Zeynep anlamsız bir şekilde bakarken Kerem'in siniri hala geçmemişti:

"Yanlış bir zaman değil hocam tam zamanında geldiniz. Ben de şimdi çıkıyordum zamanlama mükemmel oldu."

Engin Kerem'in kolundan tutup içeri götürürken bir yandan konuşuyordu:

"Ben geleyim sen çık olmaz öyle. Biraz otur birlikte çıkalım. Hem Zeynep aradı mı yakınlarından birini? Onlar gelsin öyle çıkarız."

Engin'in konuşmasıyla Kerem tekrar içeri girip oturdu. Az önce Zeynep'e söyleyemediği sözler için sıkıntıyla bir nefes alıp başını öne eğip derin düşüncelere daldı. Zeynep telefonunu alıp Feride'yi arayıp onun geleceğini söyledi. Engin rahat bir nefes alıp biraz sohbet ettikten sonra kalkmadan Zeynep'e döndü:

"Zeynep Van'a gitme işini unutma işlemlere başladık. Tahminim 10 gün içerisinde biter. En kısa zamanda haber ederim."

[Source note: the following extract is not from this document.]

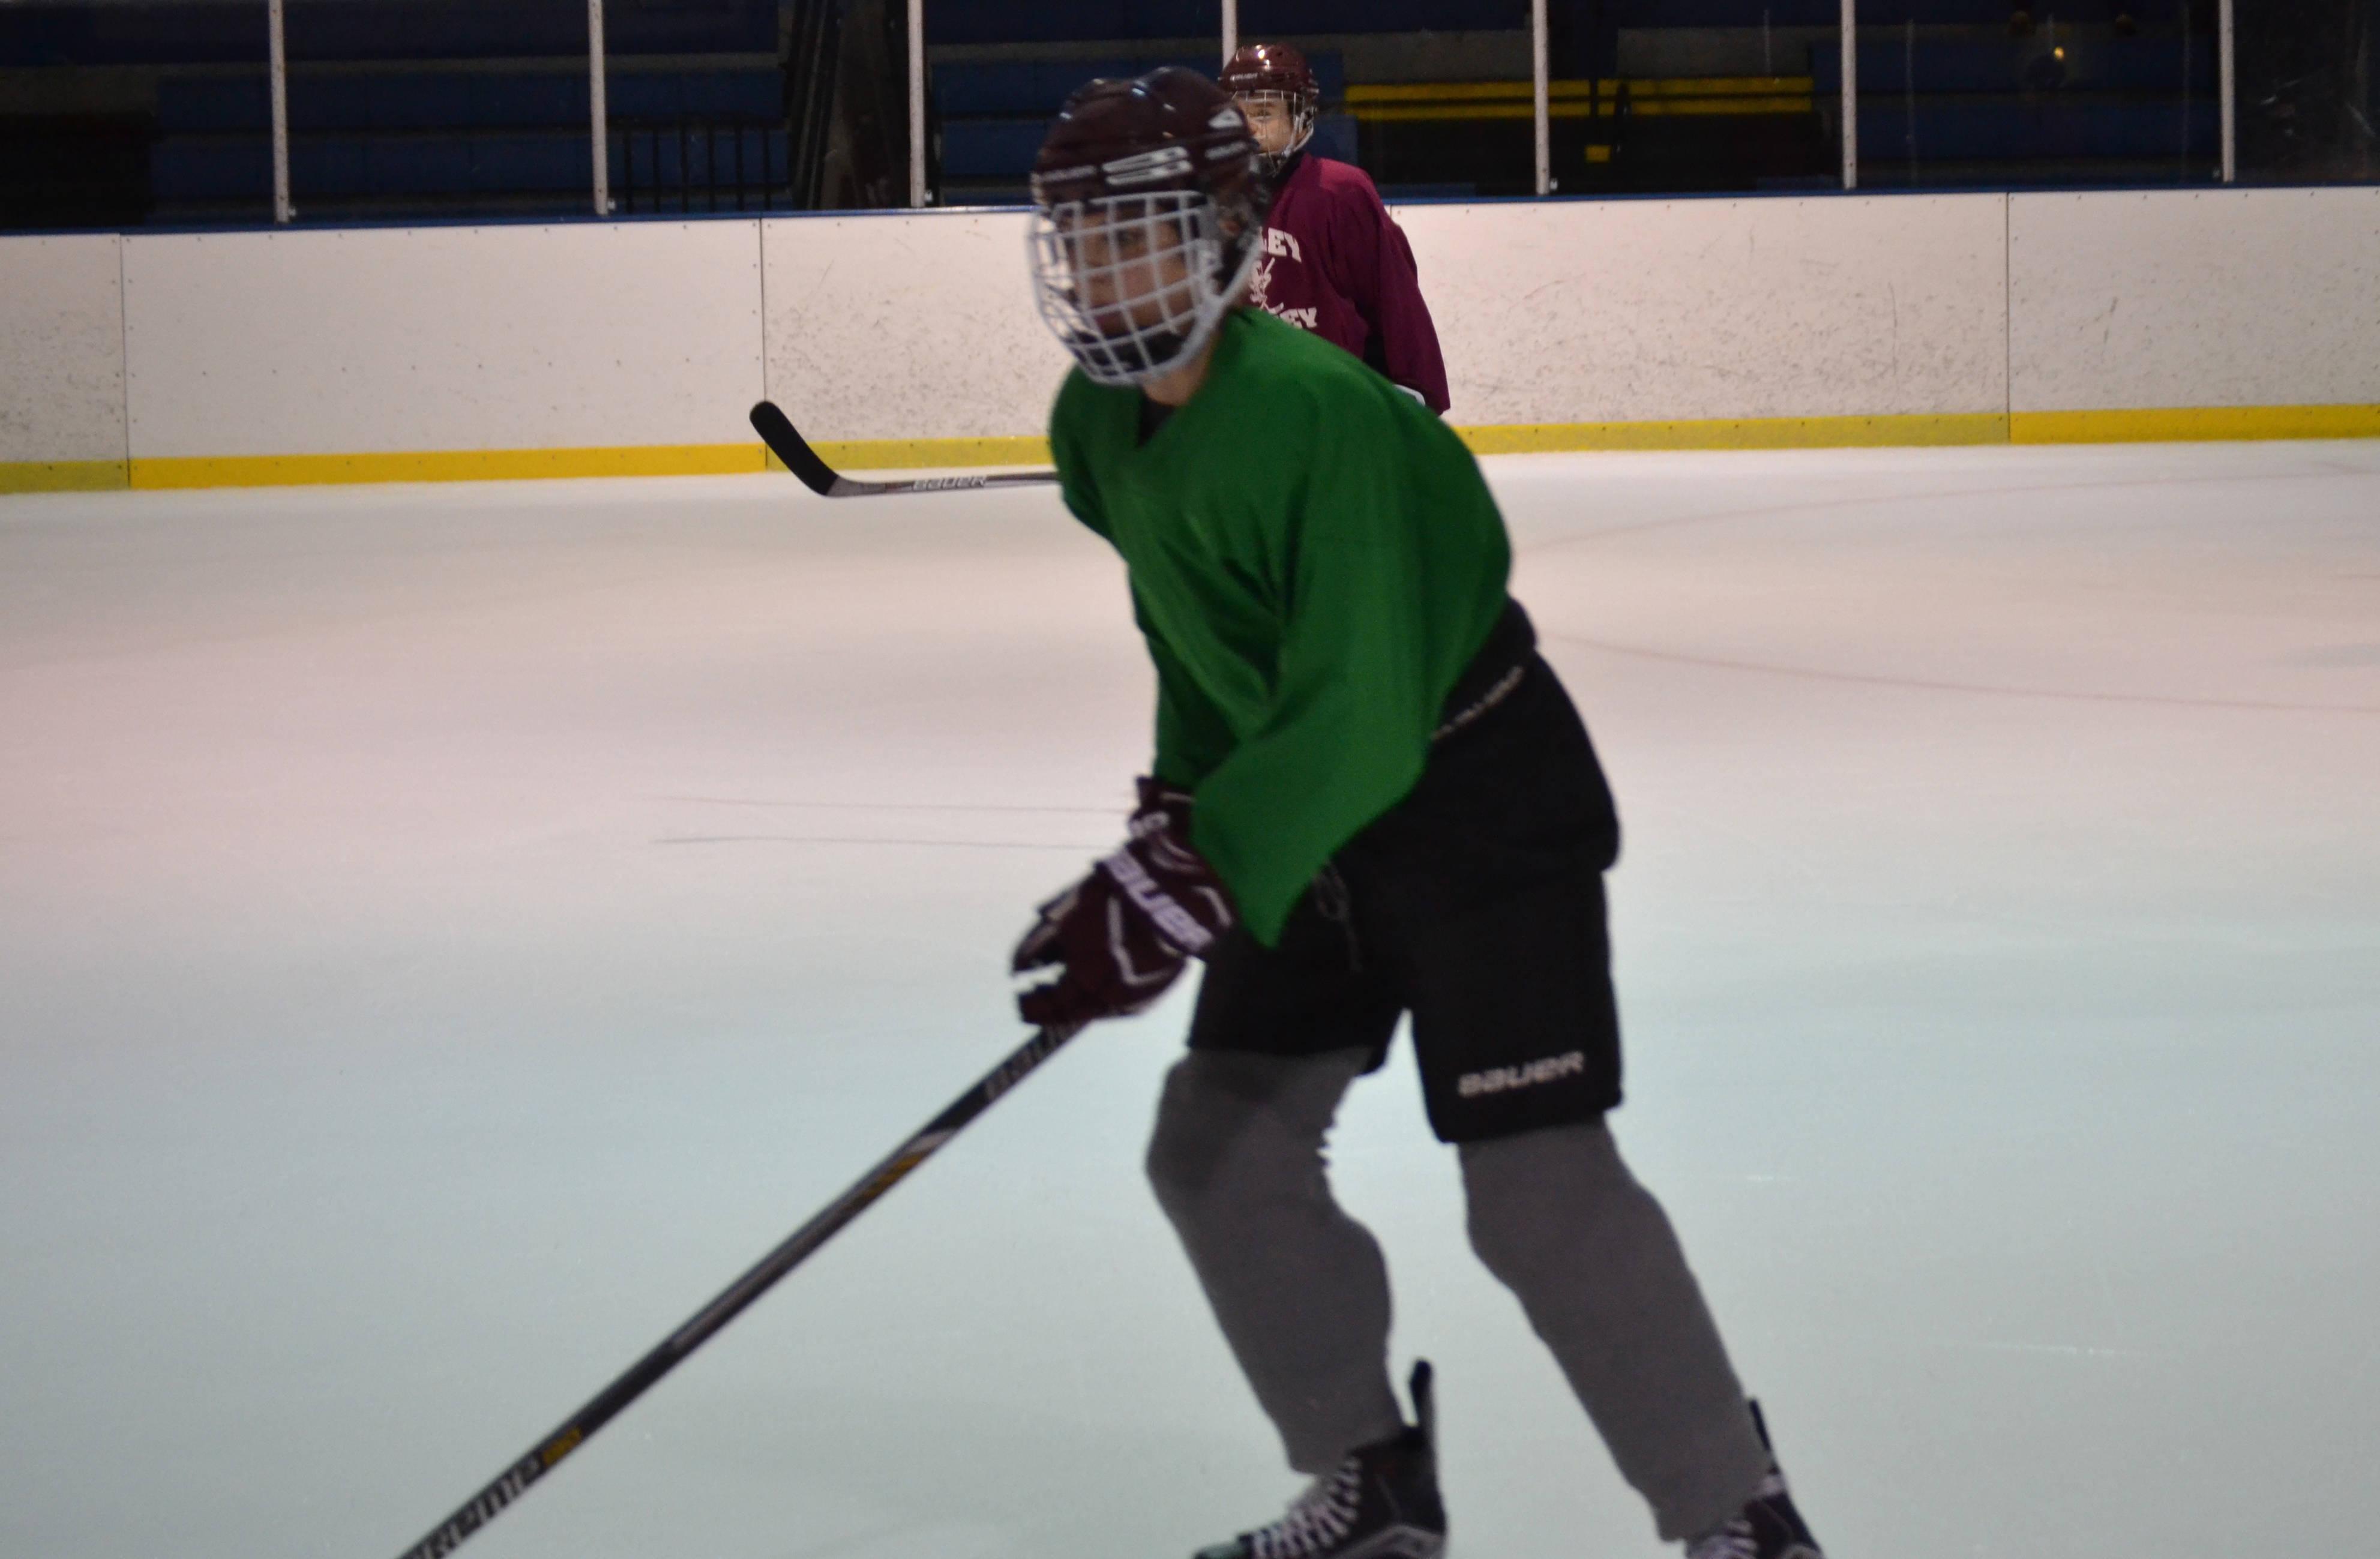 1e2ea22c4bb34d22429f_hockey5.jpg

"Unutmam hocam nasıl unuturum. İdeallerimi az çok biliyorsunuz. Bu arada teşekkür ederim beni yalnız bırakmadınız."

Zeynep Engin hocayla konuştuktan sonra Kerem'e döndü:

"Hocam size de tekrar teşekkür ederim. O kadar işinizin arasında mecburiyetten olsa da yanımda kaldınız."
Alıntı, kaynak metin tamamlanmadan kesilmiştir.